September 1 2015 Latest news:
Ed Foss, Senior writer
Monday, December 13, 2010
Changes in the pension rules should give people more flexibility to manage their money. But the reaction to the government’s plans has been mixed.
Savers will be given more freedom, according to the government, thanks to a planned removal of the obligation to buy an annuity with money saved in a personal pension.
From next April there will be a range of other options, which include continued investment or using a concept called “income draw-down”.
But limits will be imposed on the amount of money most pensioners can take from their fund at any one time.
An annuity provides an individual with a guaranteed income for life, but can be unpopular because none of the cash passes to the person’s estate when they die.
The government is now on the verge of taking away the obligation of people buying an annuity by the time they are 75.
John Mee, director of Lovewell Blake Financial Planning, welcomed the “extremely good news” that the government had relaxed the need to buy a pension by the age of 75.
It was a provision that reflected, he said: “Closet thinking by insurance companies that you must always buy an annuity”.
But he was critical of two other aspects of the changes. The requirement to have a pension of £20,000 a year before being able to draw cash implied that people had a pension pot of at least £250,000.
“This is far too high a limit,” said Mr Mee.
“Many people have other income in retirement such as from property, or they might have a business or other assets they’re planning to sell in the future.
“It is not realistic to prevent those in this situation drawing on some of the cash in their pension pot.”
His other criticism was on the 55pc exit charge or tax on a pension pot remaining when the holder dies, with the only exemption for donations to charities.
“It would make much better sense for the pension pot to pass down to the next generation with a requirement for them to retain the money for this purpose,” said Mr Mee. “In this way you would build up a pension fund within a family, moving towards a longer term solution to the need to generate adequate pension provision.”
And Michelle Mitchell, Age UK’s charity director, said: “Many people, particularly the relatively wealthy, will welcome proposals to liberalise the way in which they draw their pension savings.
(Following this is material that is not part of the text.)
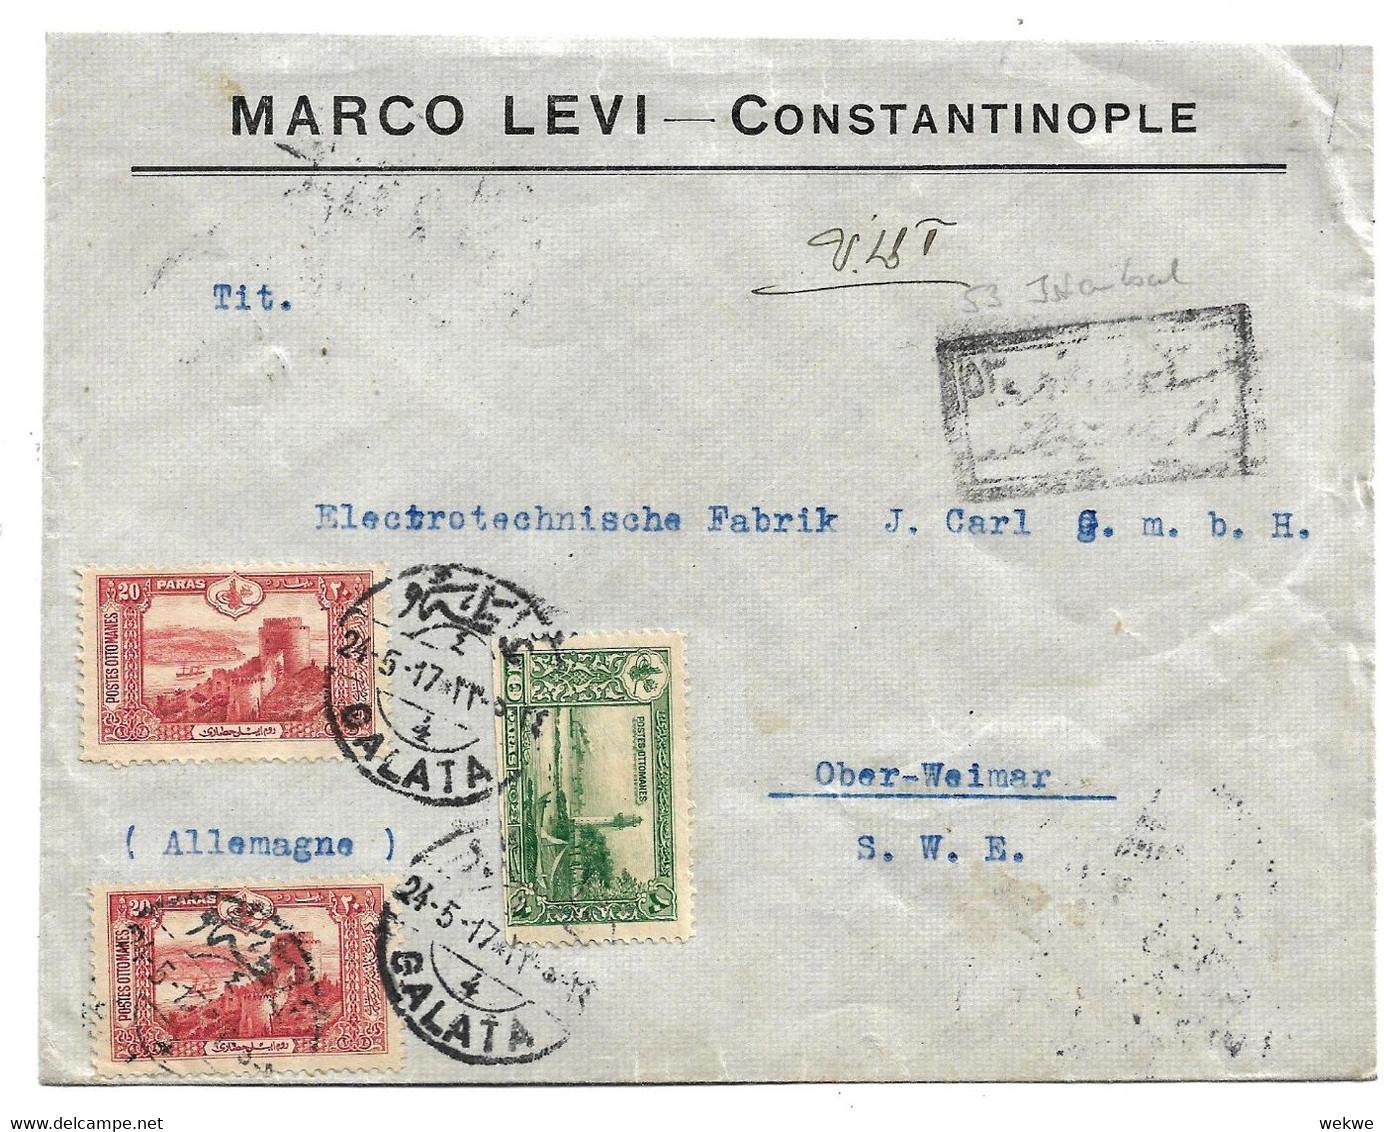 Tur171 / TÜRKEI - Zensierter Geschäftsbrief  Nach Ober-Weimar (Deutschland) - Brieven En Documenten

“However we are extremely concerned about the very significant costs and risks involved with the government’s proposals to allow more people to draw income directly from their funds.
“These risks include the mis-selling of complex and expensive alternative products, damage to the annuity market, and real hardship for many pensioners in the future if the value of their investments falls or they live longer than expected.
“If the proposals go ahead, the government and regulators must ensure that anybody considering new ways of drawing their pension is fully informed of the potential risks and expense.”
Stephen Berry, tax specialist at NFU Mutual, said the rules would bring greater financial control to people at age 75.
“The proposed changes to pension legislation appear to be simpler than earlier proposals and should be welcomed in the main.
“Taking away the age ceiling for most lump sums, and removing the need to buy an annuity from a direct contribution scheme, will create greater flexibility for pension holders.
“One of the less favourable changes is the decision to increase to 55pc the tax rate on all lump sum death benefits, other than for those who die without taking a pension before age 75.”